**YOUR TASK:** Produce a word-for-word copy of the data that follows, excluding images.

**COLLECTED MATERIAL:**
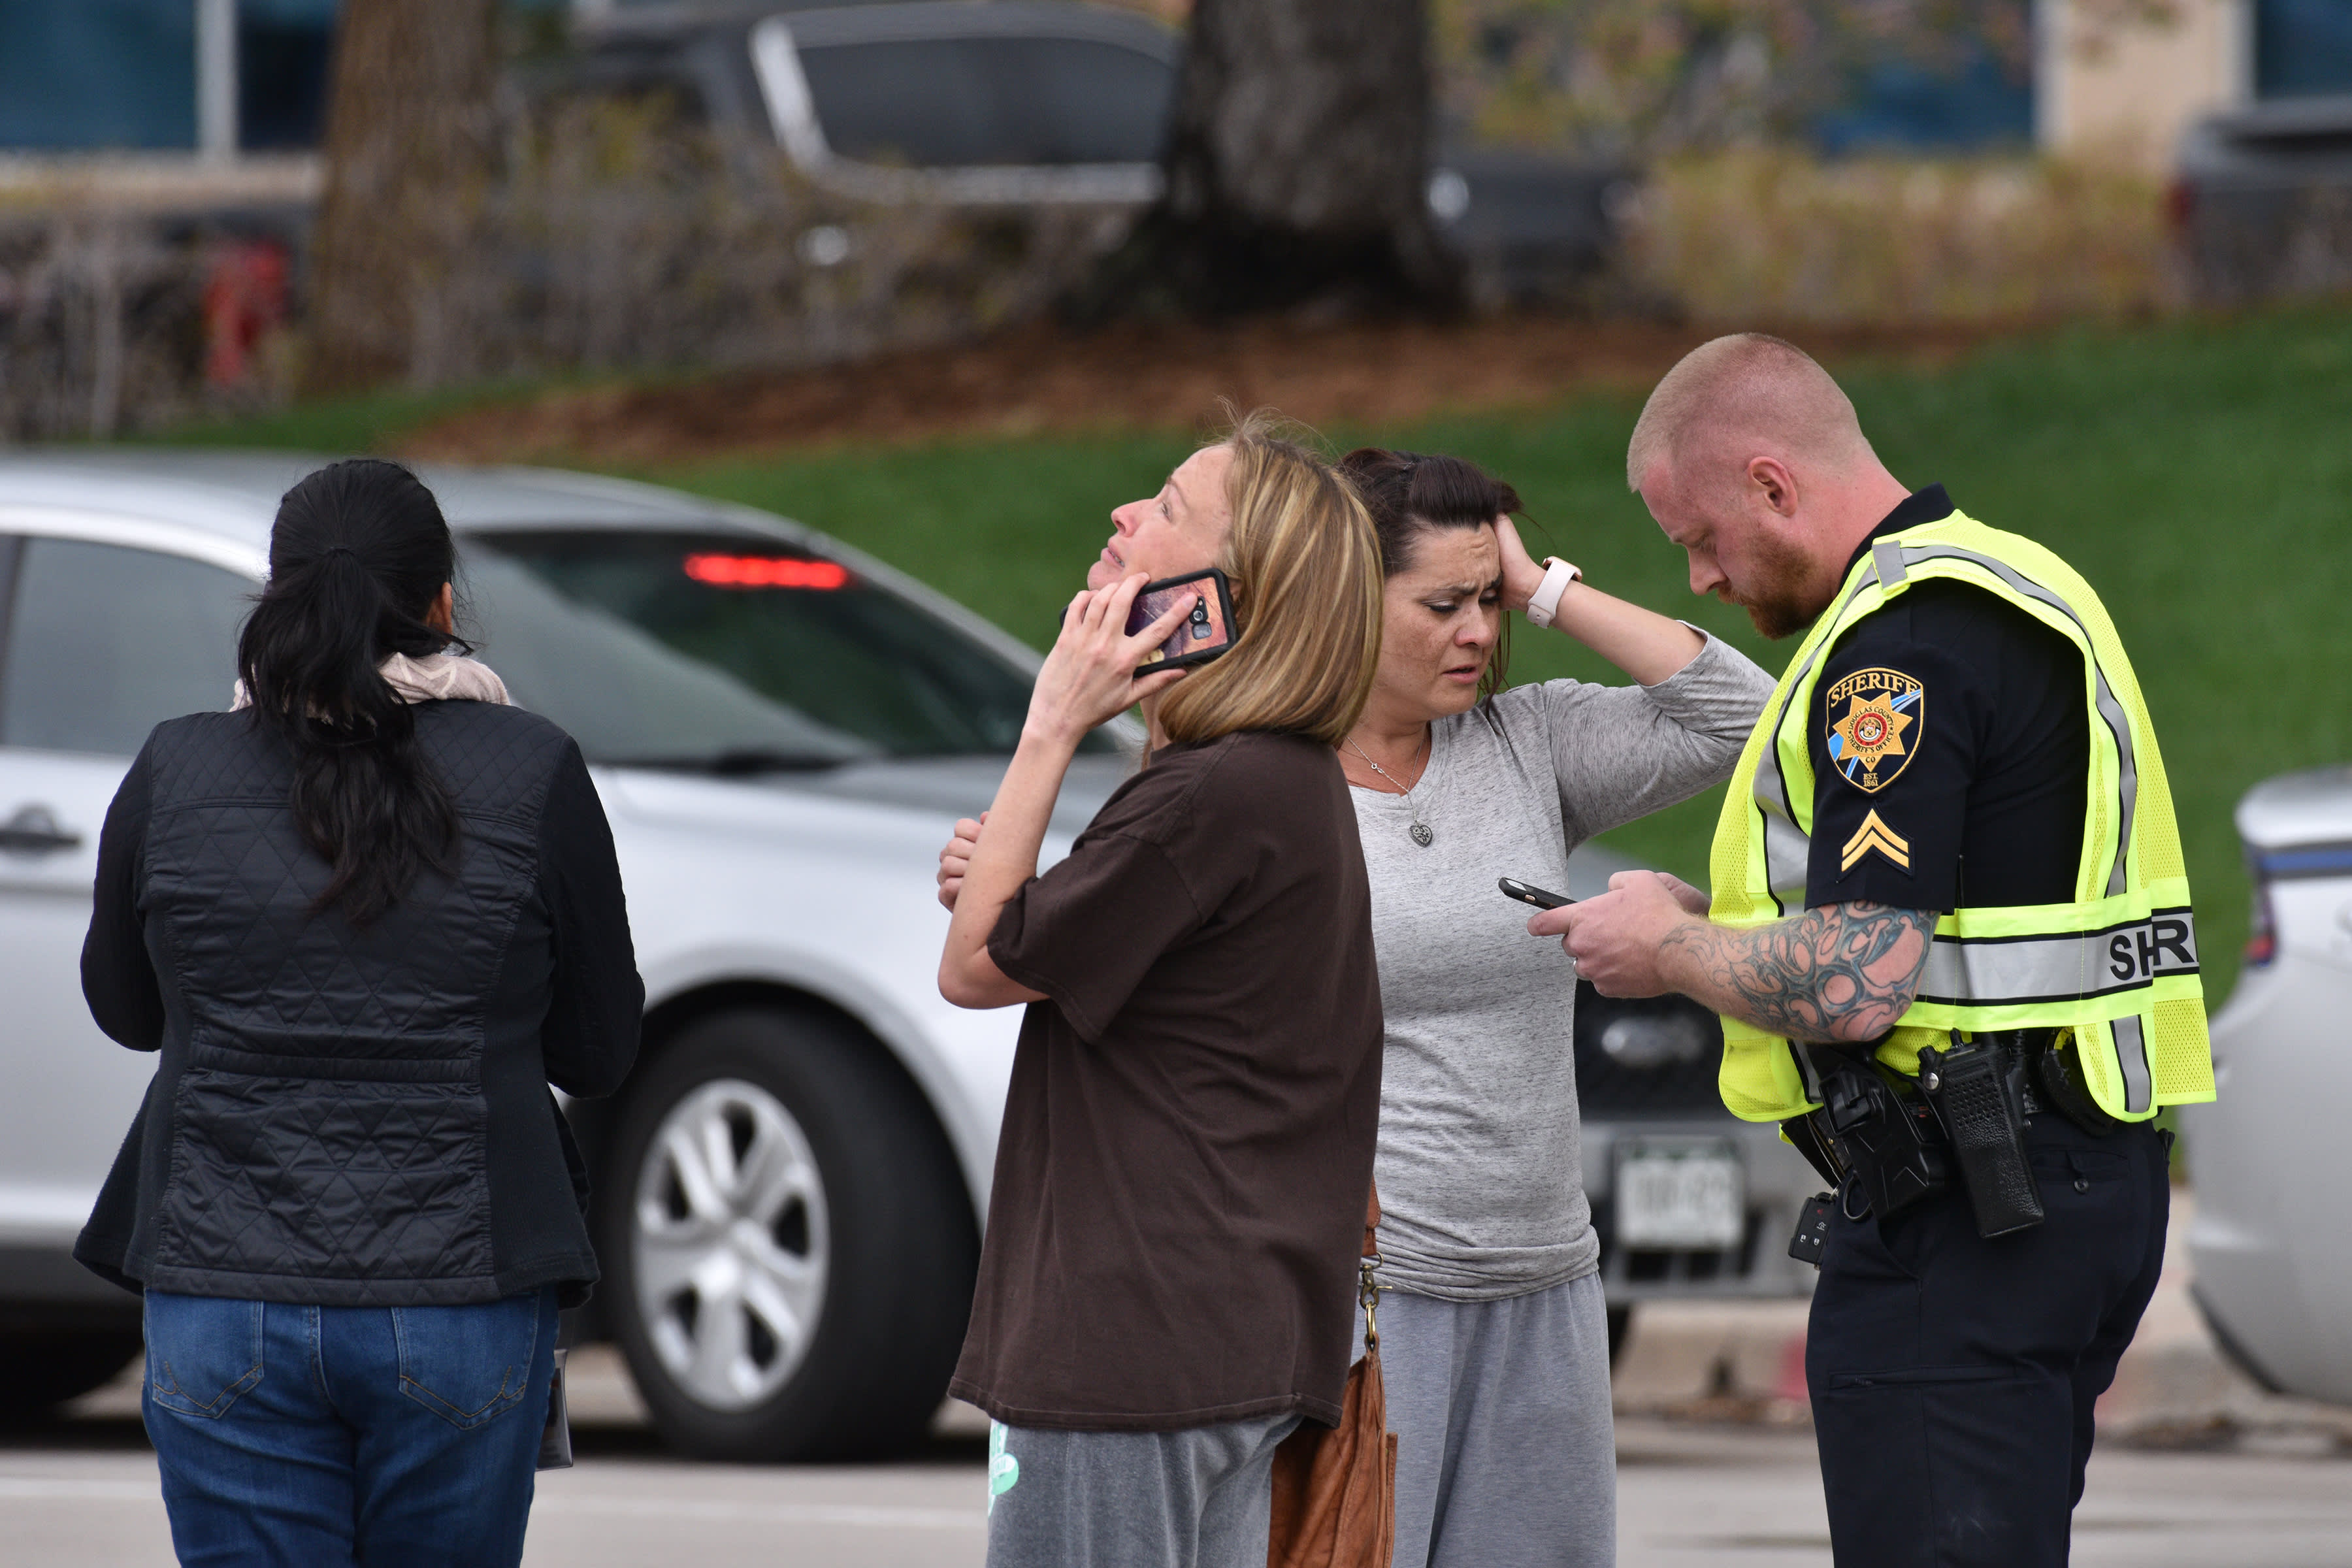 denver school shooting 2020
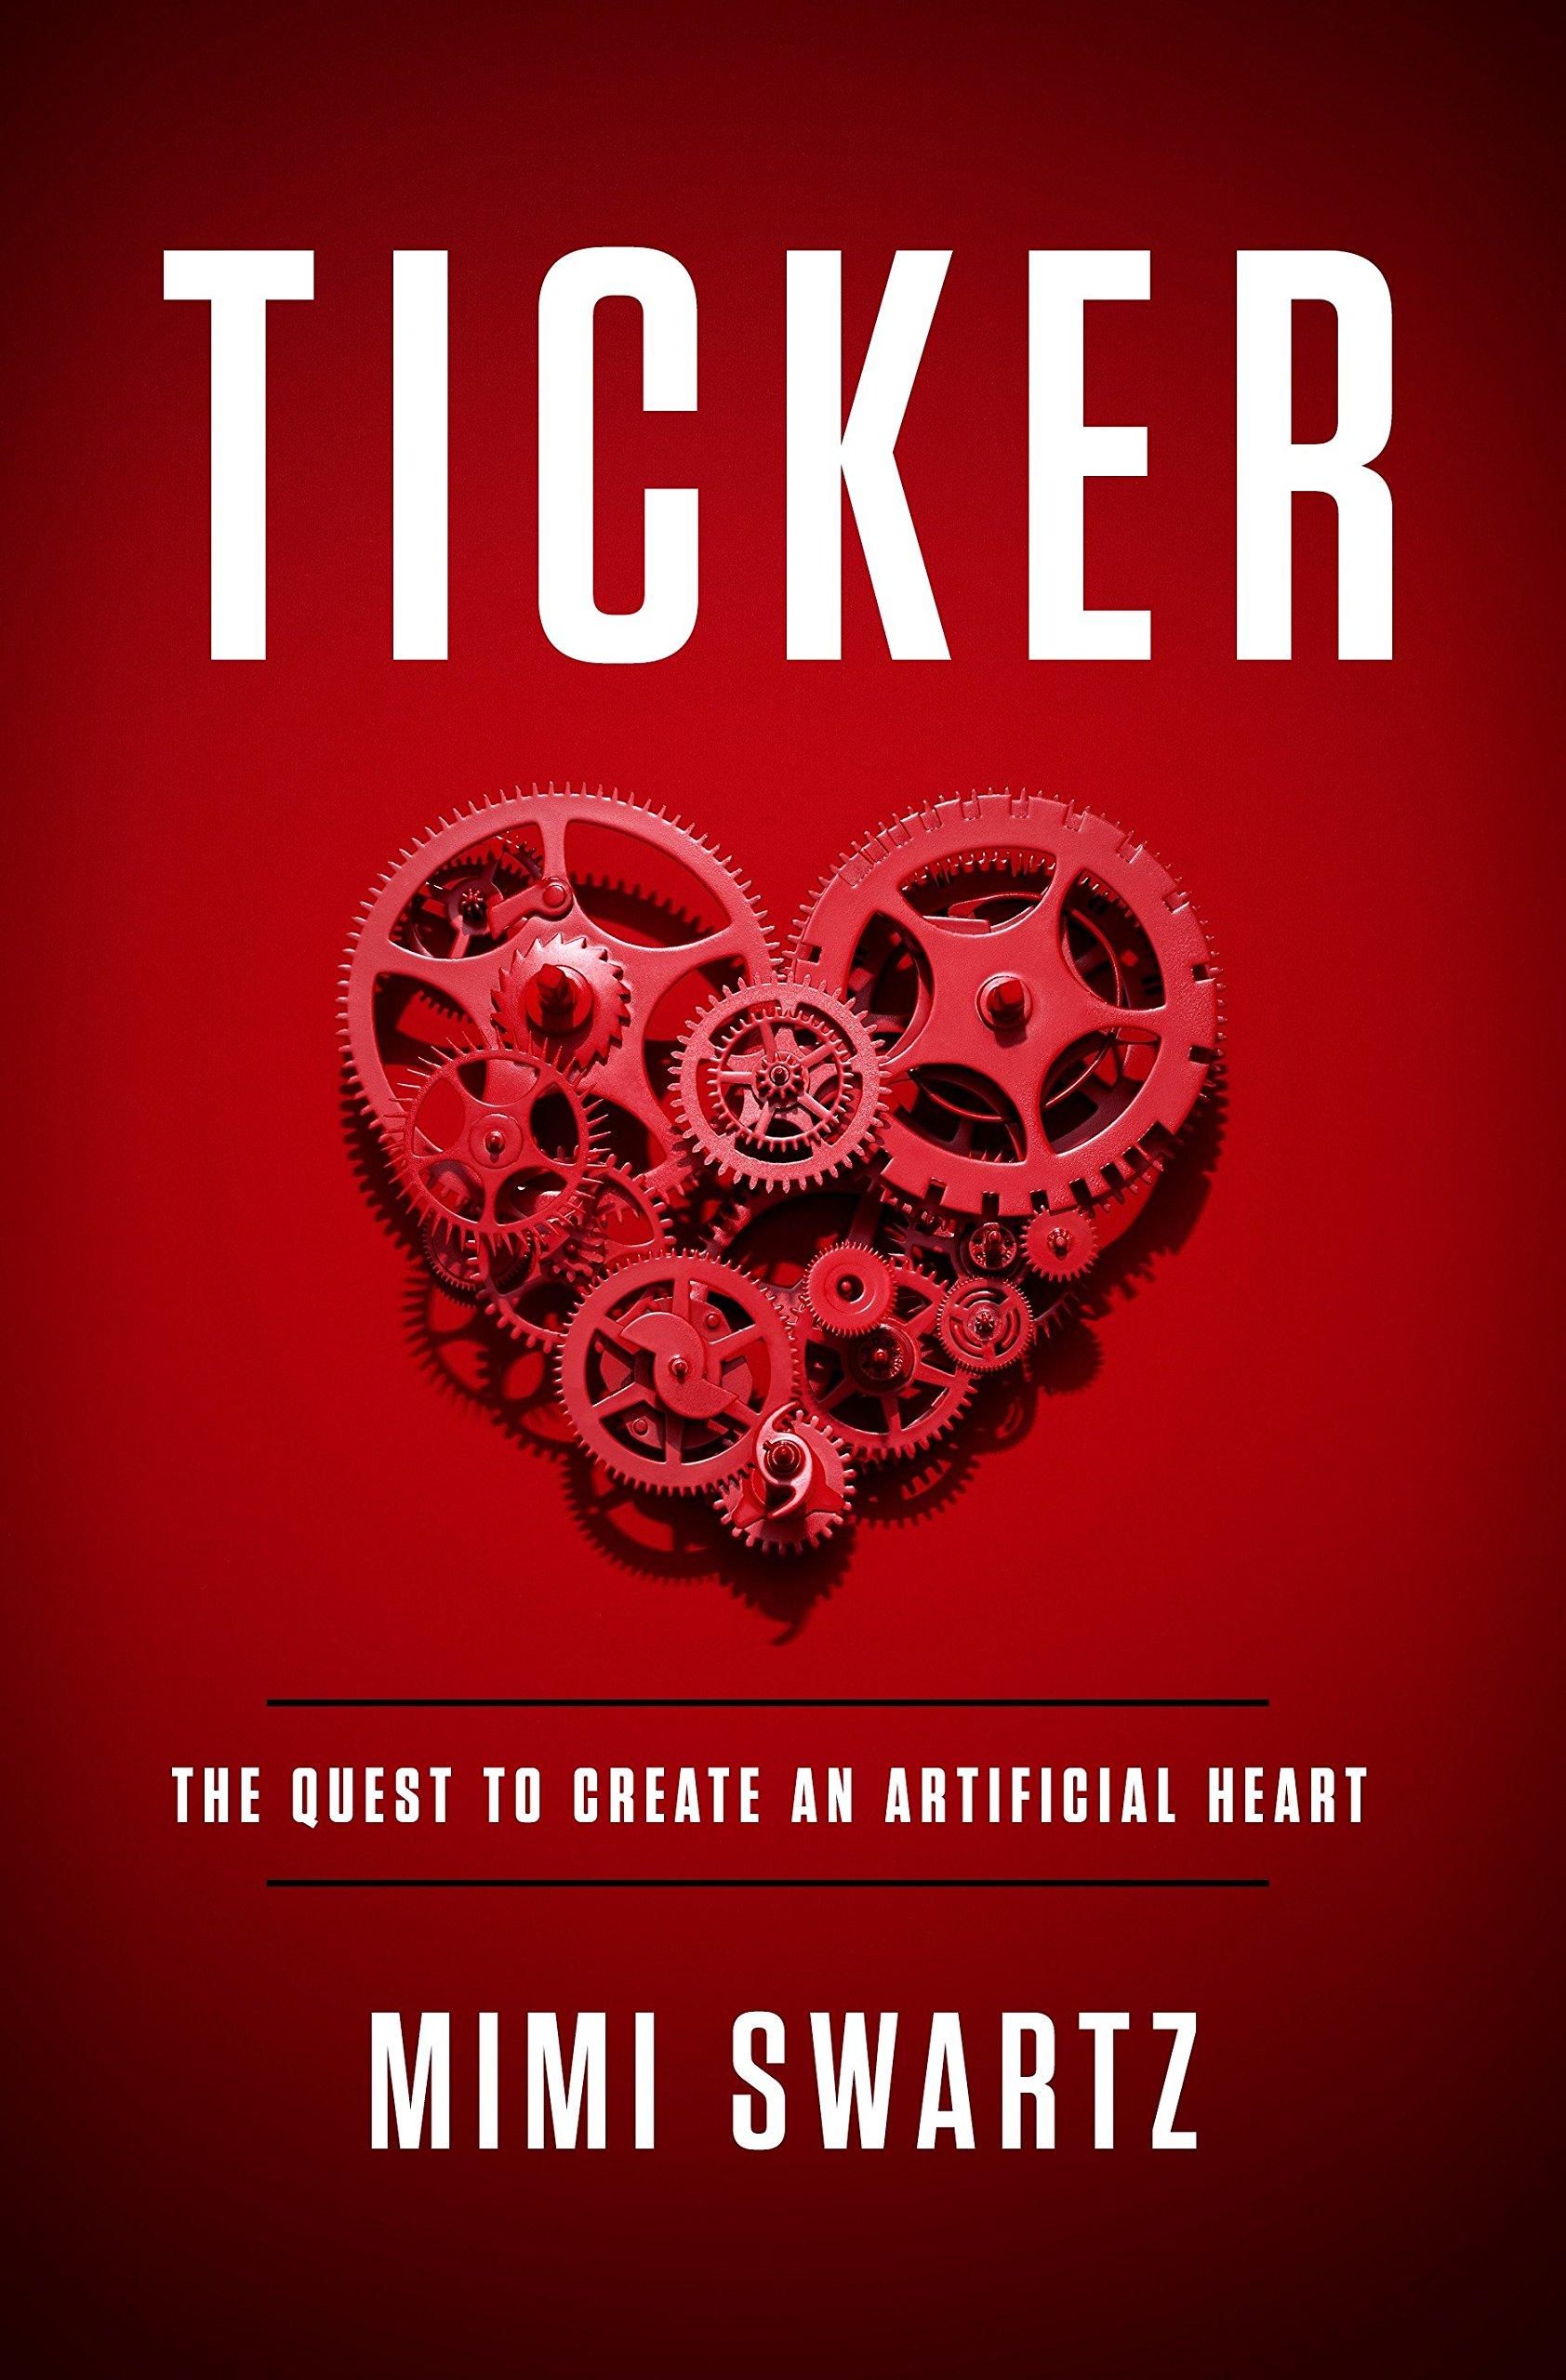 Ticker The Quest To Create An Artificial Heart Mimi Swartz
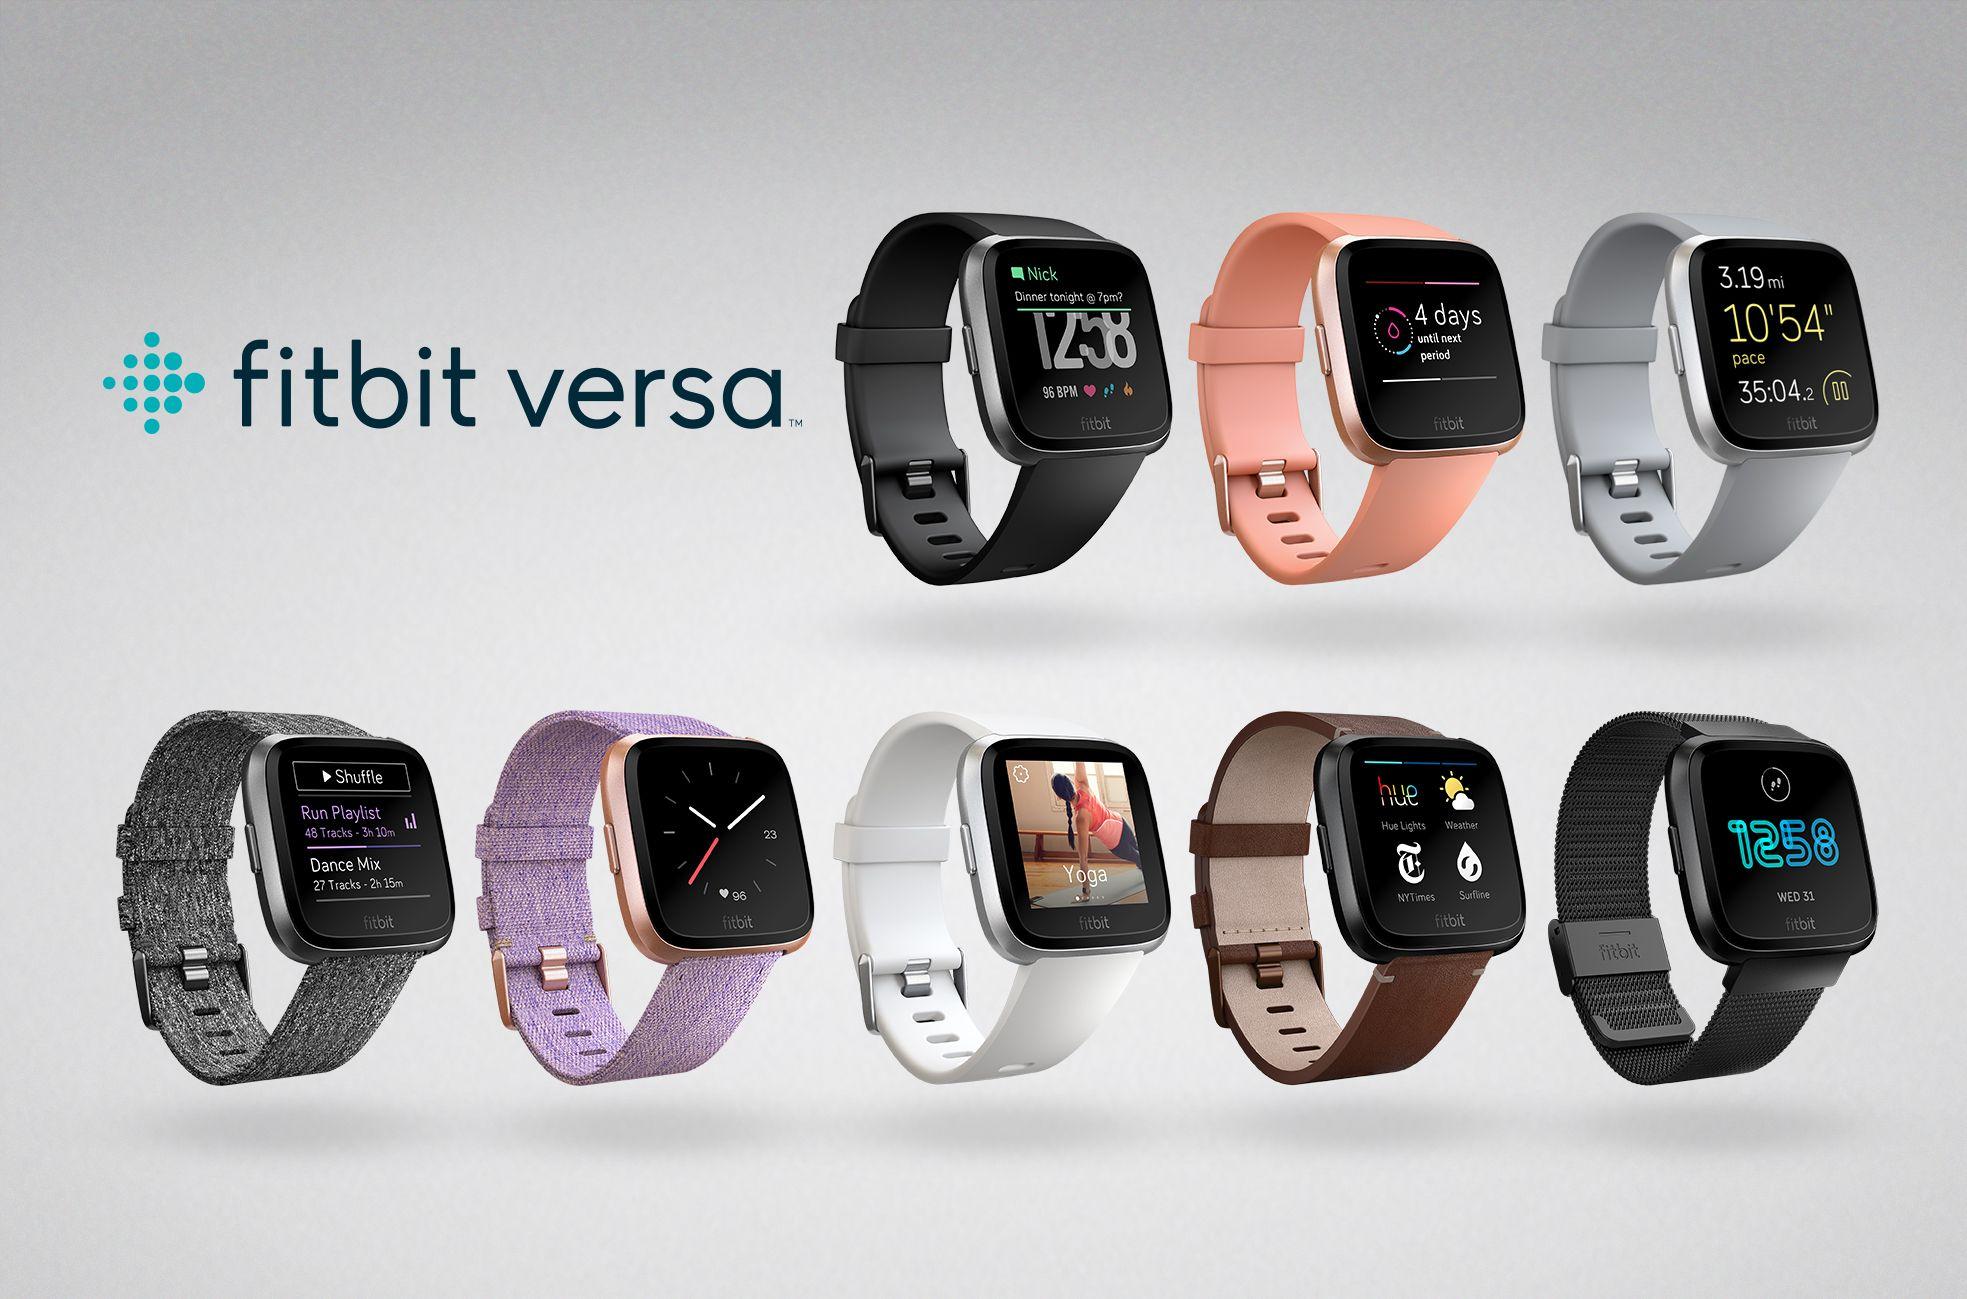 2f9c9d77042f91511c361d542de23c54 - How To Get Free Music On Fitbit Versa 2

**SOLUTION FOR THIS TASK:**
 denver school shooting 2020
 Ticker The Quest To Create An Artificial Heart Mimi Swartz
 2f9c9d77042f91511c361d542de23c54 - How To Get Free Music On Fitbit Versa 2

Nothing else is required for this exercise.